Те, кто потерял дом. Те, кто потерял близких. Те, кто больше не мог справляться с атмосферой последних времен, нависших над Тамриэлем, — все они могли найти на Дрожащих Островах утешение и надежду. И хотя бы ради этого стоило побороться за пестрое царство Шеогората. Оно было по-своему милосердно к тем, кто в него попадал, и именно этим так нравилось Айне, — хотя от своего нанимателя она подобные помыслы тщательно скрывала.
Ей не хотелось знать, о чем думал Безумный бог, раз за разом пересобирая уничтоженные Острова. Не хотелось знать, воссоздавал ли тот с лихорадочной упертостью яркую выпуклую картину, в которую успел вложить много сил, или просто искал компании, которая бы его поняла. Впрочем, правдивы могли быть оба варианта. Да и сам Шеогорат, казалось, не всегда мог угнаться за собственными мотивами.
Когда развалившийся на троне даэдра замолкает и начинает буравить редгардку взглядом, положив голову на сжатый кулак, Айна вздрагивает и торопливо обещает поскорей разобраться с проблемой Обливиона. Но потом честность в ней берет верх над осторожностью, и она поправляет сама себя, обещая, по крайней мере, хотя бы закрыть побольше этих проклятых Врат. Ведь до Амулета королей еще так далеко. Ведь, чтобы открыть портал в Рай Каморана, нужно пройти через практически невозможное, может быть, даже рискнуть Брумой…
Шеогорат тычет в гостью своей тростью так радостно, словно бы ее осунувшееся, озадаченное лицо вдруг навело его на хорошую мысль.
Шеогорат говорит, что, когда придет время, Айне больше подойдет корона Мании, а не Деменции. Потому что, чтобы раз за разом нырять в огненные порталы, ведущие в Мертвые земли, нужно быть отмеченным благословением более цветастой части Дрожащих Островов. Не говоря уже о том, что параноидальные и сверхосторожные жители Деменции вряд ли решились бы взглянуть на город с той высоты, с которой на него обычно смотрит Айна. Хаскилл де уже устал принимать жалобы горожан Крусибла, паникующих каждый раз, когда над их головами проносится метла с вцепившейся в нее редгардской девицей.
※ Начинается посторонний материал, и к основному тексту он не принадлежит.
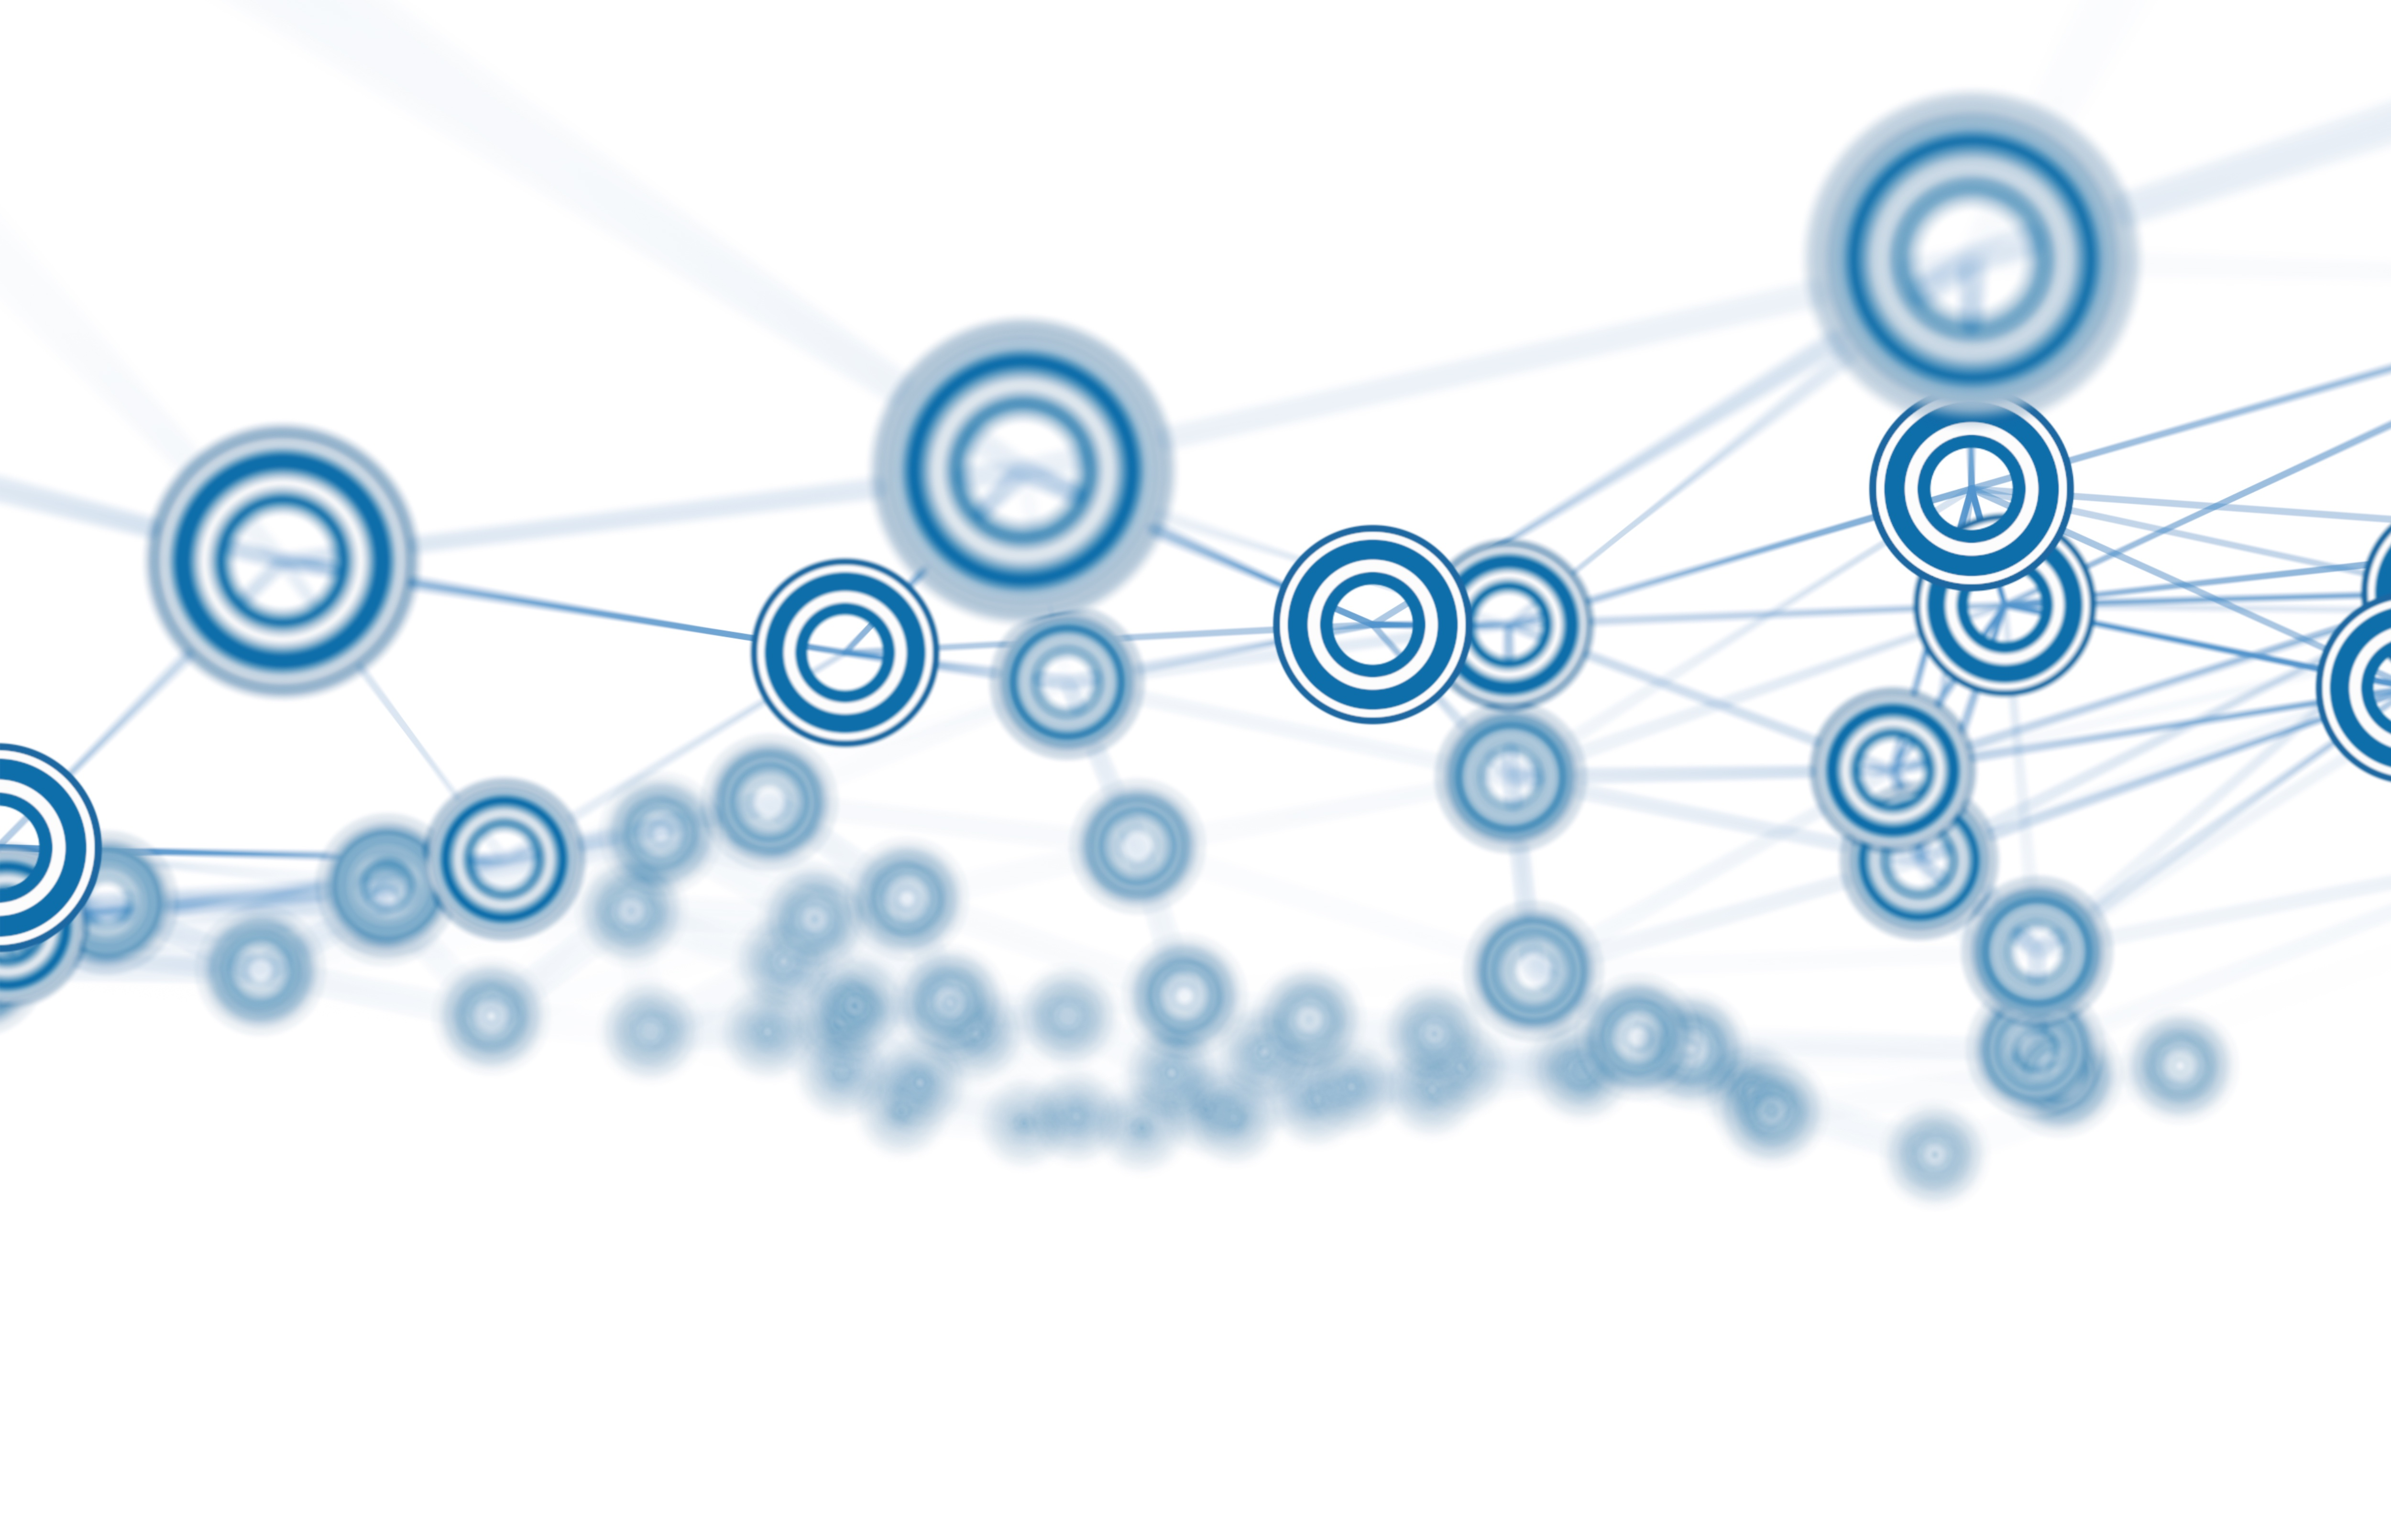 shutterstock network

От новостей о своем грядущем герцогстве Айна растерянно моргает несколько раз и чувствует, как у нее подгибаются колени.
Шеогорат рассуждает об этом вполне уверенно — да и с него станется. Самой же редгардке совершенно не хочется бороться за корону ни с параноидальной Сил, ни с Тейдоном, взгляд которого или наркотически затуманен, или отвратительно сален. Не говоря уже о том, что ей столь же сильно не хочется выполнять обязанности кого-нибудь из них. В этом случае она просто чокнется от усталости — если, конечно, Мартин не узнает об ее новой должности раньше и не запрет отлеживаться в Храме Повелителя Облаков.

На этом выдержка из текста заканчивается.